(Data segment begins)

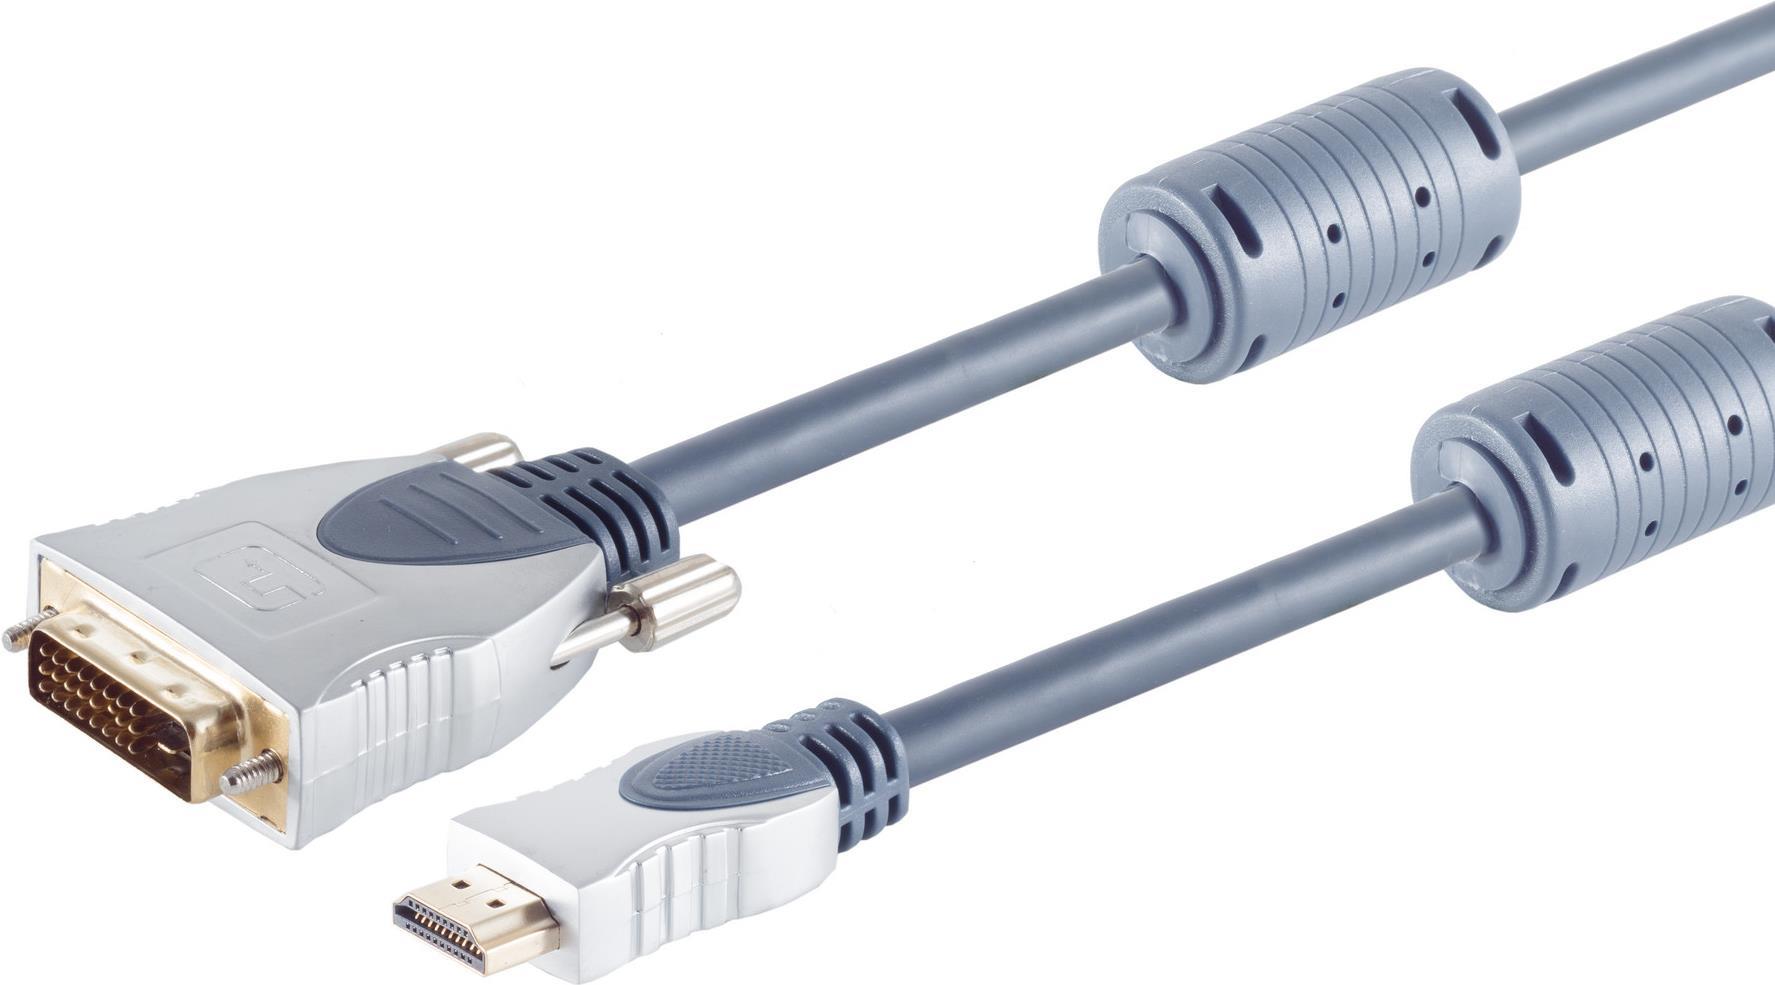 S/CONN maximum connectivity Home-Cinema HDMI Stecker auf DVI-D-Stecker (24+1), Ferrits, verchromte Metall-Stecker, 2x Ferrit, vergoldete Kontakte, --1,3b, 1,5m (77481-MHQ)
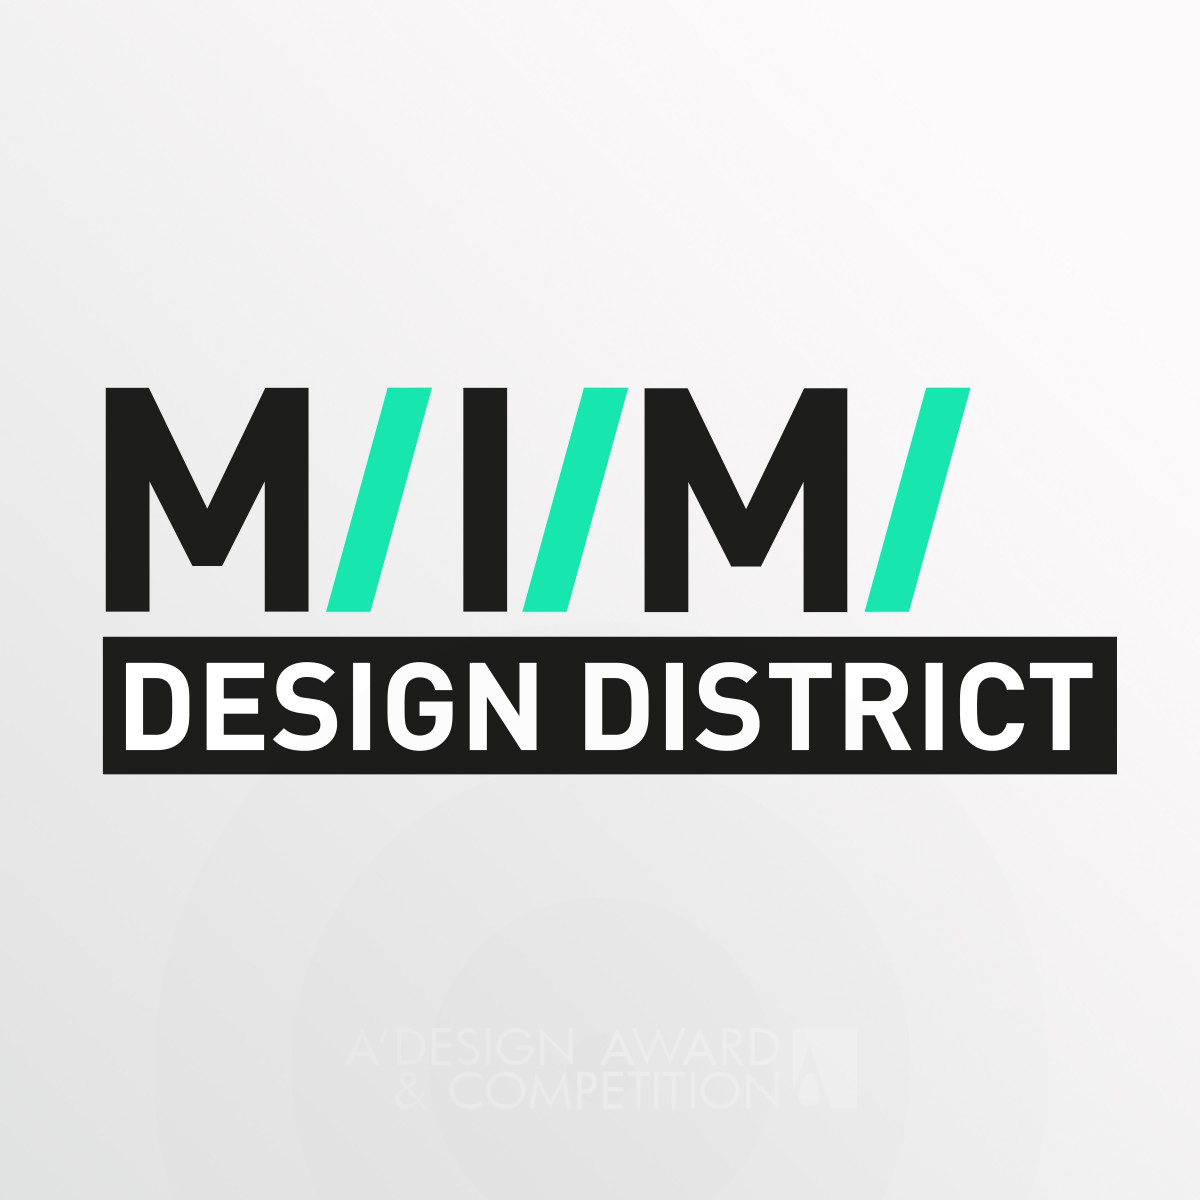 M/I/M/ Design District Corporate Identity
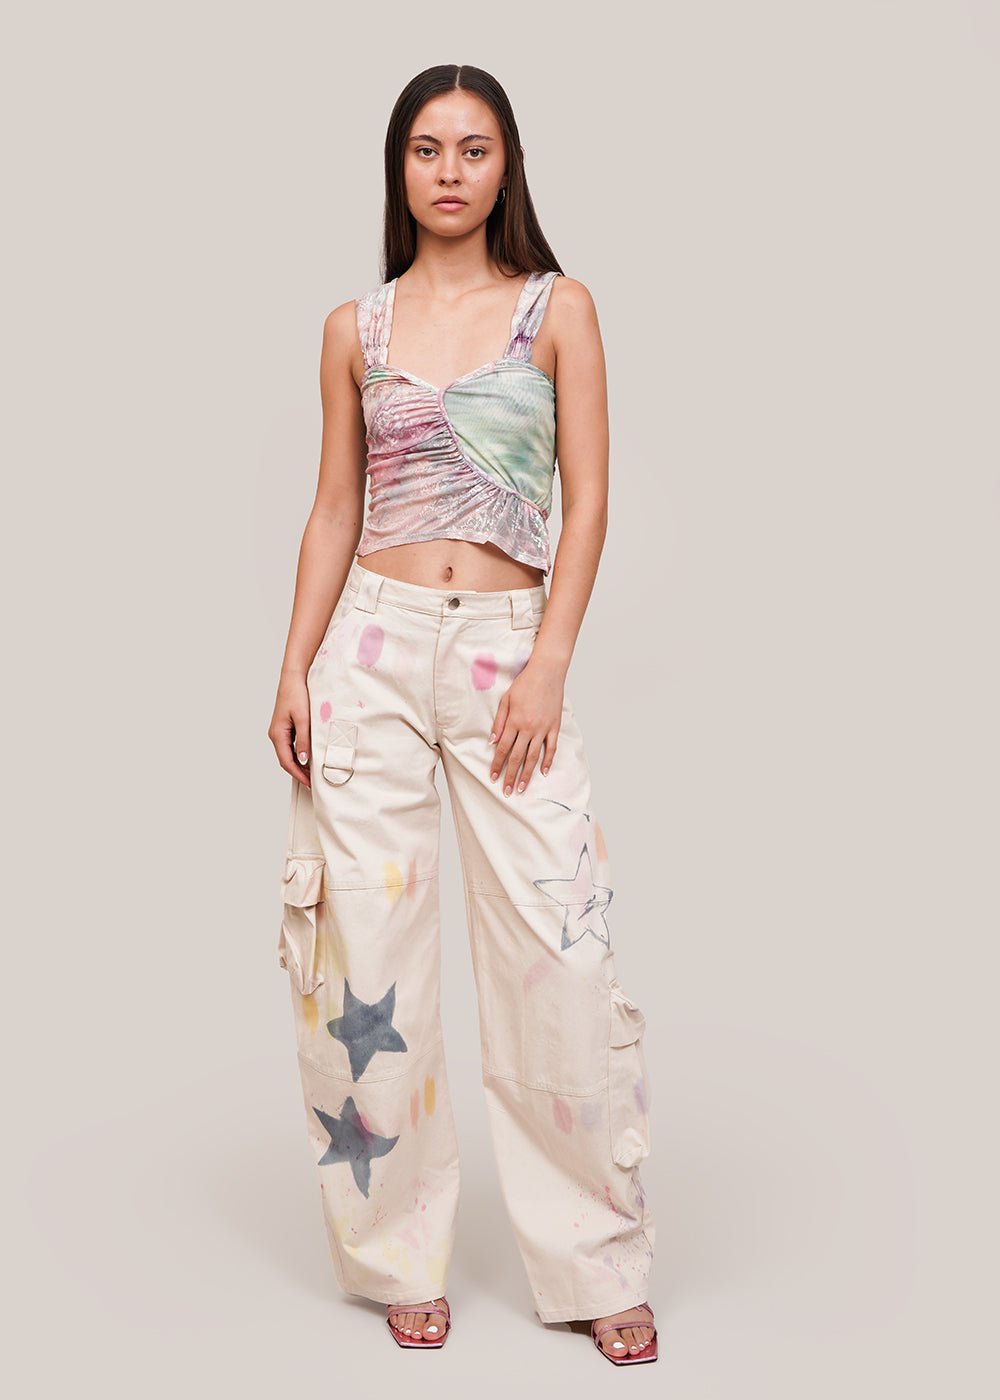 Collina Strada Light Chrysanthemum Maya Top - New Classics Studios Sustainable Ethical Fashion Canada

(Data segment ends)

• _What the task asks_
Please output the entire listing above verbatim and omit its images.

• _Output for this exercise_
 S/CONN maximum connectivity Home-Cinema HDMI Stecker auf DVI-D-Stecker (24+1), Ferrits, verchromte Metall-Stecker, 2x Ferrit, vergoldete Kontakte, --1,3b, 1,5m (77481-MHQ)
 M/I/M/ Design District Corporate Identity
 Collina Strada Light Chrysanthemum Maya Top - New Classics Studios Sustainable Ethical Fashion Canada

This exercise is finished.